The sum to infinity of a g.p is 60. If the first term of the series is 12. Find it's second term
A lot of verbiage there, your solution is hard to read.
S∞ = a/(1-r)
60 = 12/(1-r)
5 = 1/(1-r)
1 = 5 - 5r
5r = 4
r 4/5
term(2) = ar = 12(4/5) = 48/5
Well, let's see. The sum to infinity of a geometric progression (g.p.) can be found using the formula S = a / (1 - r), where S is the sum to infinity, a is the first term, and r is the common ratio.
Given that the sum to infinity is 60 and the first term is 12, we can substitute these values into the formula:
60 = 12 / (1 - r)
Now, let's solve for r:
60(1 - r) = 12
60 - 60r = 12
-60r = 12 - 60
-60r = -48
r = -48 / -60
r = 4/5
To find the second term, we can use the formula for a geometric progression which is a * r^(n-1), where n is the position of the term.
In this case, since we know the first term is 12 (a = 12) and we want to find the second term (n = 2), we can substitute these values into the formula:
second term = 12 * (4/5)^(2-1)
second term = 12 * (4/5)^1
second term = 12 * (4/5)
second term = 48/5
So, the second term of the series is 48/5. But hey, don't worry, I didn't say it was gonna be a whole number! It's just clowning around with fractions here!
To find the second term of a geometric progression (g.p), we need to know the common ratio of the g.p. The common ratio (r) is the ratio between any term and its preceding term in the sequence.
Given that the sum to infinity of the g.p is 60, we can use the formula for the sum of an infinite g.p:
Sum_to_infinity = a / (1 - r)
where a is the first term and r is the common ratio.
We are given that the first term (a) of the g.p is 12, and the sum to infinity is 60. Therefore, we can rewrite the formula as:
60 = 12 / (1 - r)
To solve for r, we can rearrange the equation:
60(1 - r) = 12
60 - 60r = 12
-60r = 12 - 60
-60r = -48
r = (-48) / (-60) = 4/5
Now that we have the common ratio, we can find the second term (a2) using the formula for the nth term of a g.p:
a2 = a * r^(2-1)
Plugging in the values:
a = 12 (the first term)
r = 4/5 (the common ratio)
a2 = 12 * (4/5)^(2-1)
a2 = 12 * (4/5)
a2 = 48/5
Hence, the second term of the g.p is 48/5.
Sum to infinity s=60. First term,a=12. S =a÷1_r=60÷1=12÷1_r. 60(1_r)=12=60_60r=12. 60_12=60r=48÷60=60r÷60. r=48÷60.you reduce into lower term. that is 12 cancel 48 which is equal to 4 and 15 cancel 60 , 5 times. r= 4÷5. Which means that the second term,T2=ar=12×4÷5=48÷5
In a geometric progression (GP), the sum to infinity is given by the formula:
S = a / (1 - r)
Where:
S is the sum to infinity
a is the first term of the series
r is the common ratio
We are given that the sum to infinity is 60 (S = 60) and the first term is 12 (a = 12).
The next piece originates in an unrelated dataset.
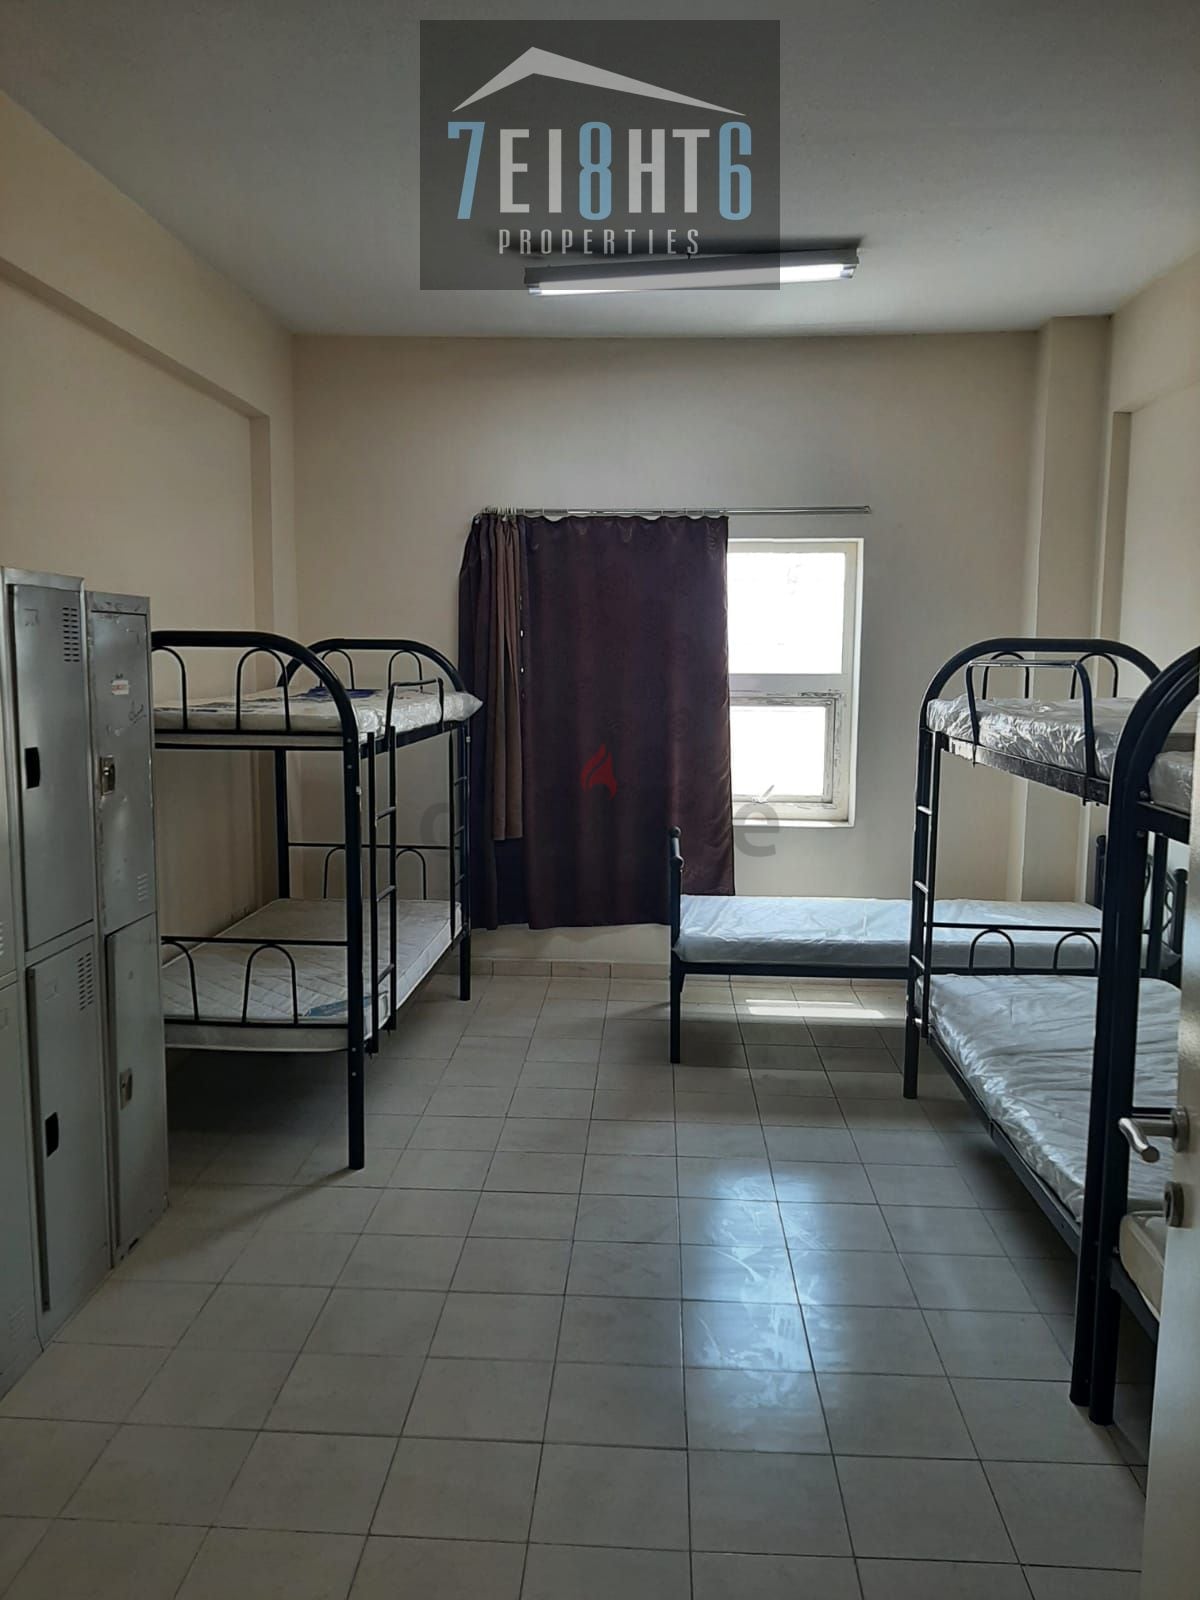 10 Rooms Sharing Or Indep Labour Camp With 6-8 Person Capacity + 117 Washbasins + 117 Bathrooms + 2

We can substitute these values into the formula and solve for the common ratio (r).
60 = 12 / (1 - r)
Now, let's solve for r:
Multiply both sides of the equation by (1 - r):
60(1 - r) = 12
Distribute the 60:
60 - 60r = 12
Subtract 60 from both sides:
-60r = 12 - 60
Simplify:
-60r = -48
Divide both sides by -60:
r = -48 / -60
Simplify:
r = 4 / 5
Now that we have the common ratio (r = 4/5), we can find the second term (a2) using the formula:
a2 = a * r
Given that the first term (a) is 12, we can substitute the values into the formula:
a2 = 12 * (4/5)
Multiply the numbers:
a2 = 48/5
So, the second term of the series is 48/5 or 9.6.